Artificial ruptures of membranes known as amniocentesis has also been associated with amniotic fluid embolism. Others include caesarian section, instrumental delivery like using vacuum extractor or obstetric forceps to bring out the baby if the baby or mother is in distress; which on their own are risk factors. One thing that is common above these factors listed is that they are associated with trauma to the birth canal. They are normal standard operating procedures. Other associated risk factors include excessive amniotic fluid known as POLYHDRAMNIOUS; tear in the cervix or uterus, low lying placenta known as PLANCENTA PRAEVIA, premature separation of the placenta from its bed, known as ABRUPTIO and pregnancy induced hypertension with ECLAMPSIA. You may want ask, what is then left?

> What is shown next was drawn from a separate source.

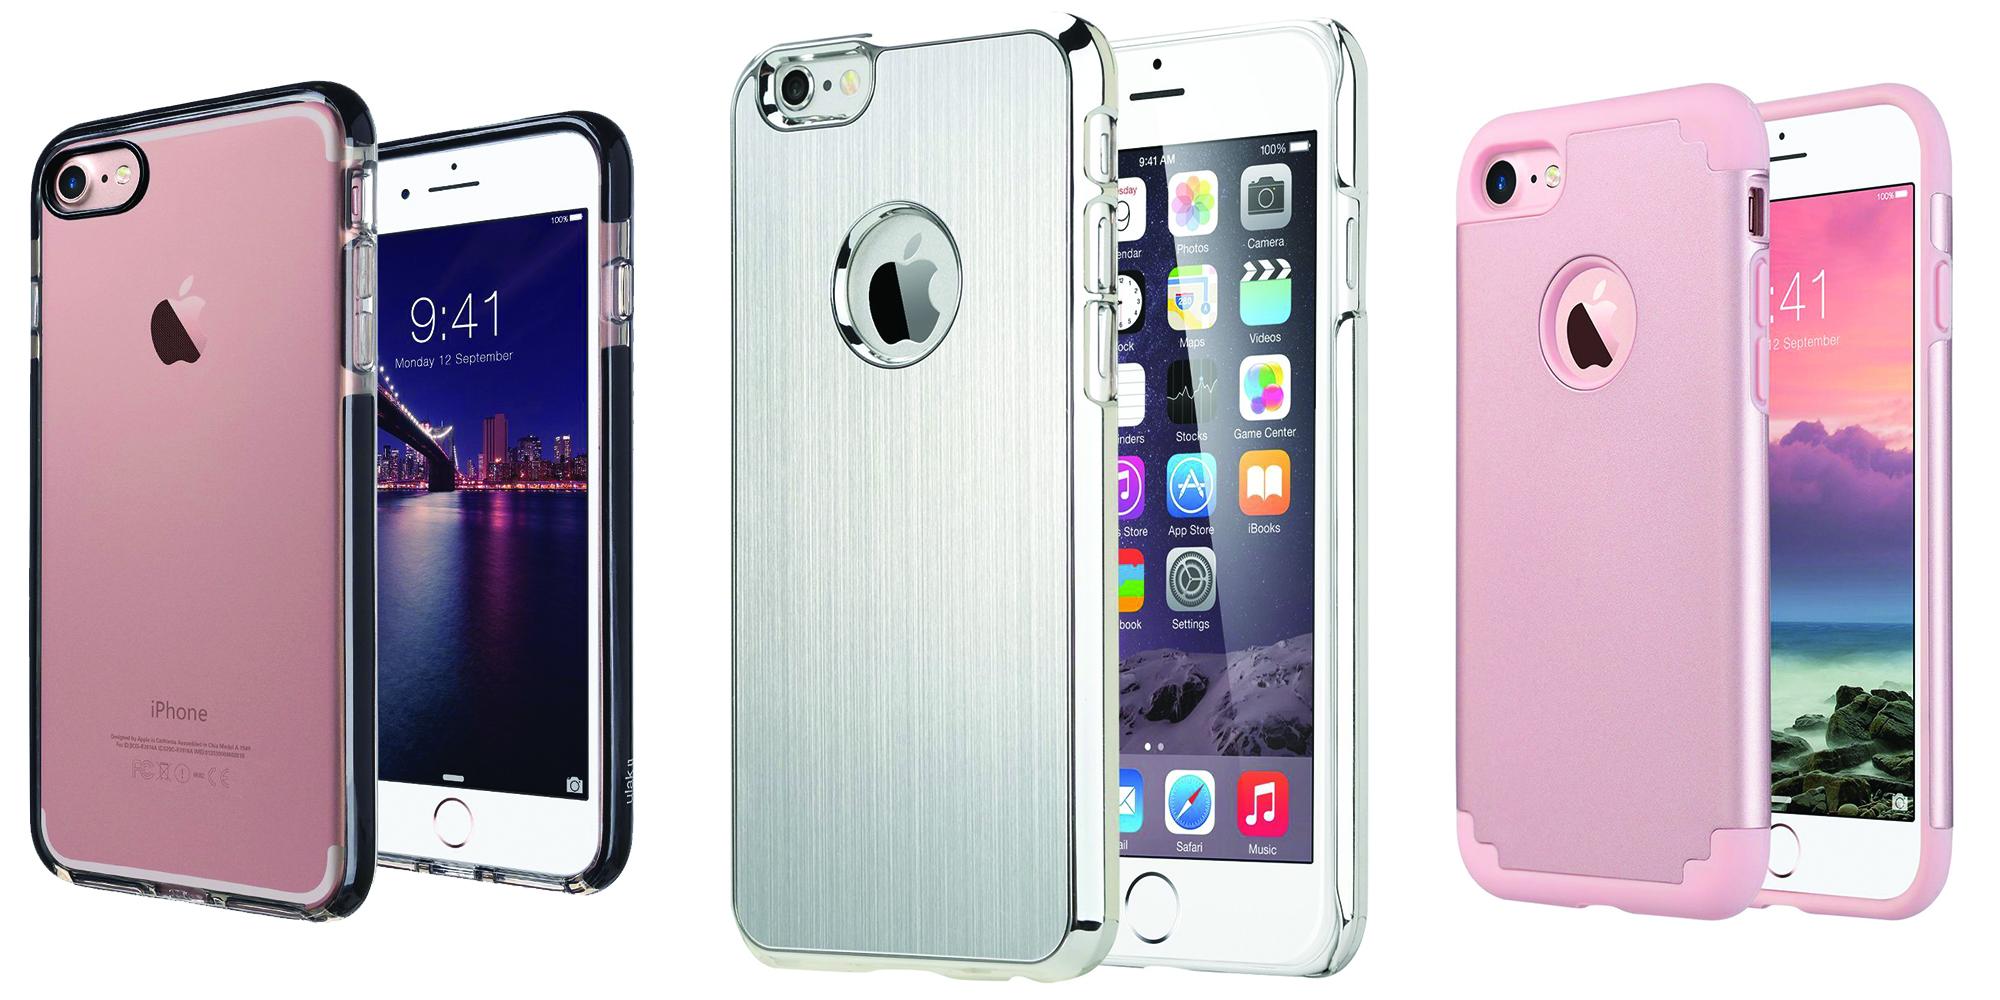 ulak-iphone-cases

The frustrating thing is that there is no way of predicting during antenatal period the likelihood of your patient developing amniotic fluid embolism. There is no biological and chemical marker for the condition. Perchance, a very high index of suspicion especially when a woman is in labor might be of help.
The only intervention known so far in case of amniotic fluid embolism is an emergency caesarean section to at least salvage or better put save a lifer. In our environment where prayers had to be said first and consent for surgery reluctant to give, this could be very frustrating and the outcome very distressing.